Los personajes femeninos son particularmente importantes en esta poética. Encarnan la


sensualidad, la belleza, la maternidad, la sabiduría, erigen y tutelan el entorno natural y
doméstico. Son figuras arquetípicas, muchas veces parte de una genealogía matrilineal:
la madre y la abuela son presencias recurrentes y de principal importancia a lo largo de
toda la obra de Marosa. Actúan como hechiceras o sacerdotisas, sus dominios son casi
siempre el jardín, la cocina, el cuidado de los otros, labores “femeninas” que, muy lejos
de significar una relegación de la mujer, son un ejercicio de su poder; sobre todo en este
universo también femenino en que se desenvuelven.

El libro Diamelas a Clementina Médici, que Marosa escribió a la memoria de su madre,


es especialmente conmovedor por la devoción y ternura con que se refiere a ésta.

Mientras hablas, un bulbo se remueve y crece. Sale un tronco en varias facetas. Hojas
verdes, duras, y una flor de nieve es al tiempo mismo de color de rosa, y como siempre
lleva tu marca: Clementina. Médici.
¡Porque la hiciste tú, tú la hiciste! ¡Eres tú quien hace las flores! Con tu cuchillo de
cocina, plateado y fino. Tu tijera negra. Laboras en lo hondo de la tierra. Y en la luz haces
aparecer los lirios. 3

2
p. 73.
3
p. 585.
En la totalidad de la obra poética de Marosa, se hace siempre presente la figura de la
madre; no obstante, aunque Diamelas a Clementina Médici obviamente no es la
excepción, también está dedicado a Pedro di Giorgio, padre de la escritora. Los papeles
salvajes es una cosmogonía íntimamente relacionada con el orden familiar, y el padre,
en ese sentido, evidentemente es un referente primordial, aunque con un protagonismo
menor.

Las palabras de Marosa son un fuego que arde y resuena. Crea escenarios vibrantes,
imágenes cercanas al sueño, de un simbolismo que dialoga con algo profundo en
nuestra psique. Resulta algo difícil suponer sus influencias literarias (más allá de la
evidente herencia surrealista), o circunscribirla dentro de determinada corriente: sus
textos resultan inauditos, obra de una imaginación y una capacidad estética pródigas.
Escapan, además, del convencionalismo del género literario, sin encajar totalmente en
una u otra clasificación.

Marosa nos asombra porque pone ante nuestros ojos lo inesperado. Quien la ha visto
recitar en alguna grabación sabe que tiene algo que no es de este mundo. Incluso hoy, su
obra resulta novedosa. El mundo que construye su poética es, además, inconfundible:
basta haberla leído para reconocerla en unas pocas líneas o versos.

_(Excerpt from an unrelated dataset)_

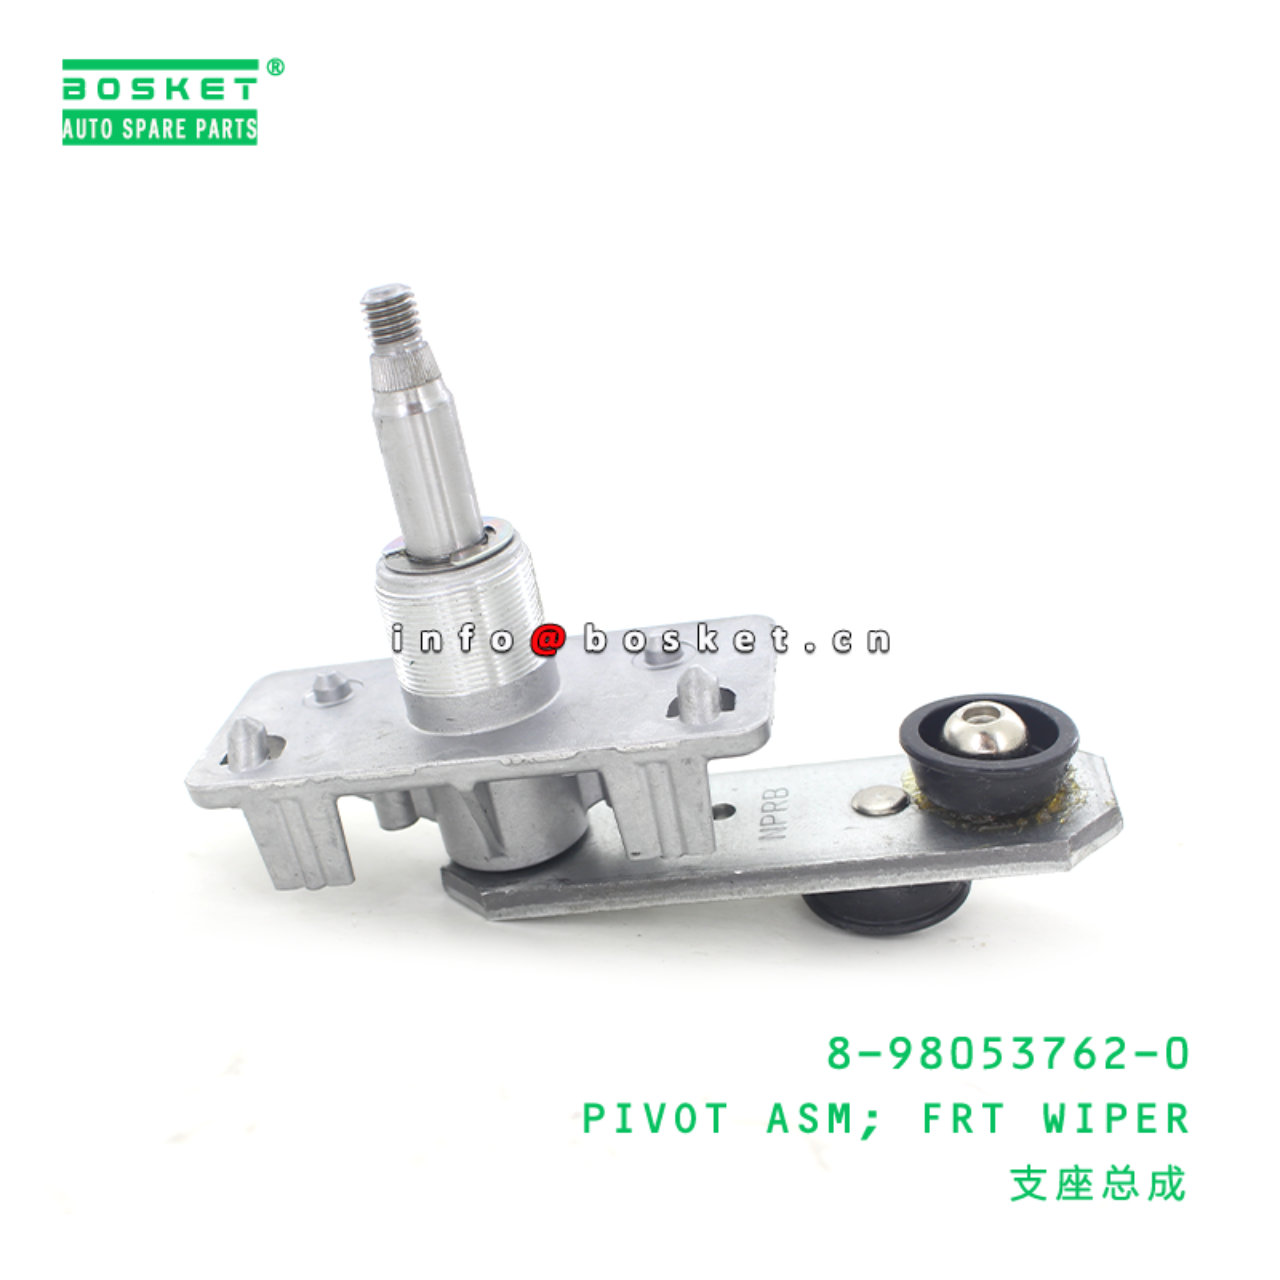 8-98053762-0 Front Wiper Pivot Assembly 8980537620 Suitable for ISUZU NPR

De alguna forma, Marosa es capaz de devolvernos cierta pureza, de encender nuestra


curiosidad y encantarnos; somos entonces como el niño que queda absorto ante una
historia o una imagen, como quien se embelesa ante un misterio hasta entonces
desconocido.

Los libros reunidos en Los papeles salvajes son como continentes que conforman un
mundo coherente, cerrado, describen la continuidad de una poética fiel a sí misma,
construyen en conjunto ese universo-Marosa. Desde la inocencia-horror de ese mundo,
nuestra mirada es, de alguna forma, también nueva; de alguna forma nacemos como el
resto de las criaturas de ese génesis, volvemos al “edén perdido” y reconstruimos el
propio.

Los papeles salvajes es, también, una obra inagotable. Se dice que cada libro
comprende muchos libros, porque ninguna lectura es igual a la otra. Personalmente,
creo que nunca terminaré de leer esta obra, que siempre implicará un descubrimiento. Y,
si no es esa, qué otra función puede tener el arte.